Development of a Stereotactic Frame for Neurosurgery Targeting: A Prospective Pre-Clinical Study

Background and Objectives: Current commercial stereotactic frames have several limitations and are geometrically complex. They utilize imaginary, physically unreachable reference points, and they are expensive. We designed a three-dimensional, low-cost, and easy-to-assemble frame that can both visualize and physically reach the reference point at (0, 0, 0). Our frame allows simultaneous bilateral targeting via distinct trajectories, thereby reducing operative time while providing wider facial exposure for airway protection. Methods In a prospective phantom experiment (August–October 2025), five operators each performed five passes at four radiopaque intracranial targets (100 attempts). Before every pass, the frame was physically re-zeroed to the reference point. For each attempt, we recorded the three-dimensional Euclidean target registration error (TRE) and the signed axis-specific offsets. Linear mixed-effects modelling with operator and target location as random factors, intraclass correlation, and Bland-Altman agreement were utilized for statistical analyses. Results All 100 trajectories contacted their intended target. Mean ± SD TRE was 0.19 ± 0.07 mm. Every attempt fell within 1 mm of the target (100%, 95%CI 96.4–100%).
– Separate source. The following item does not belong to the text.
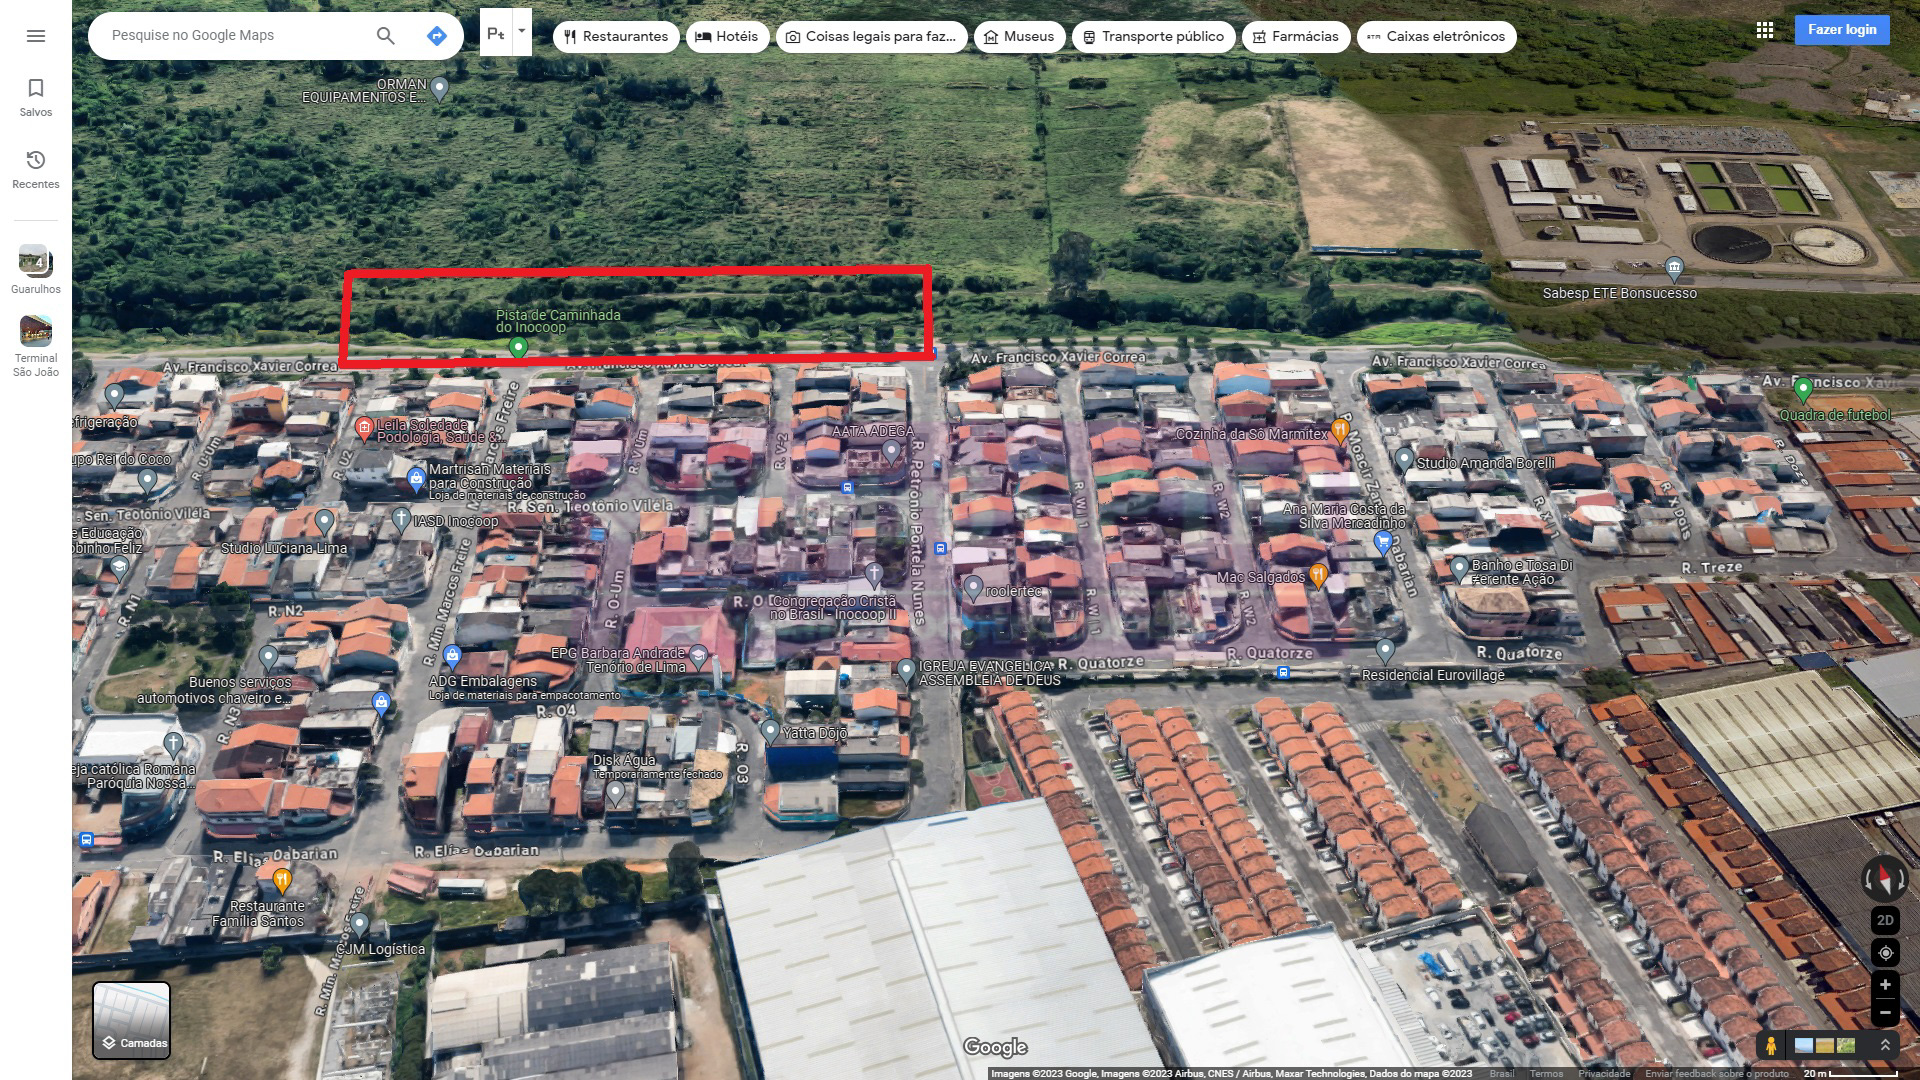 Possivel localização da estação Bonsucesso (Google Maps)

Axis-wise biases were negligible (Δx = 0.01mm, Δy=-0.01mm, Δz=-0.01mm; all p > 0.33). Bland-Altman limits of agreement were ± 0.23mm (x), ± 0.24mm (y), and ± 0.24mm (z) with no trend across the measurement range. Mixed-effects modelling attributed 12.5% of the residual variance to operators, 7.1% to target location, and 80.4% to unexplained (within-trial) error; the adjusted ICC was 0.20, indicating low between-operator variability relative to total variance. Neither repetition order (p = 0.38) nor location (p = 0.08) influenced TRE. The mean setup-to-trajectory time was under 10 minutes per operator. Conclusion Our stereotactic system delivered reproducible, near-millimeter accuracy in phantom testing while simplifying setup, reducing operative time, and eliminating expensive software dependency. These findings justify advancing to cadaveric studies and early clinical trials to broaden access to frame-based stereotaxy for urgent procedures, such as external ventricular drain placement, across diverse healthcare environments.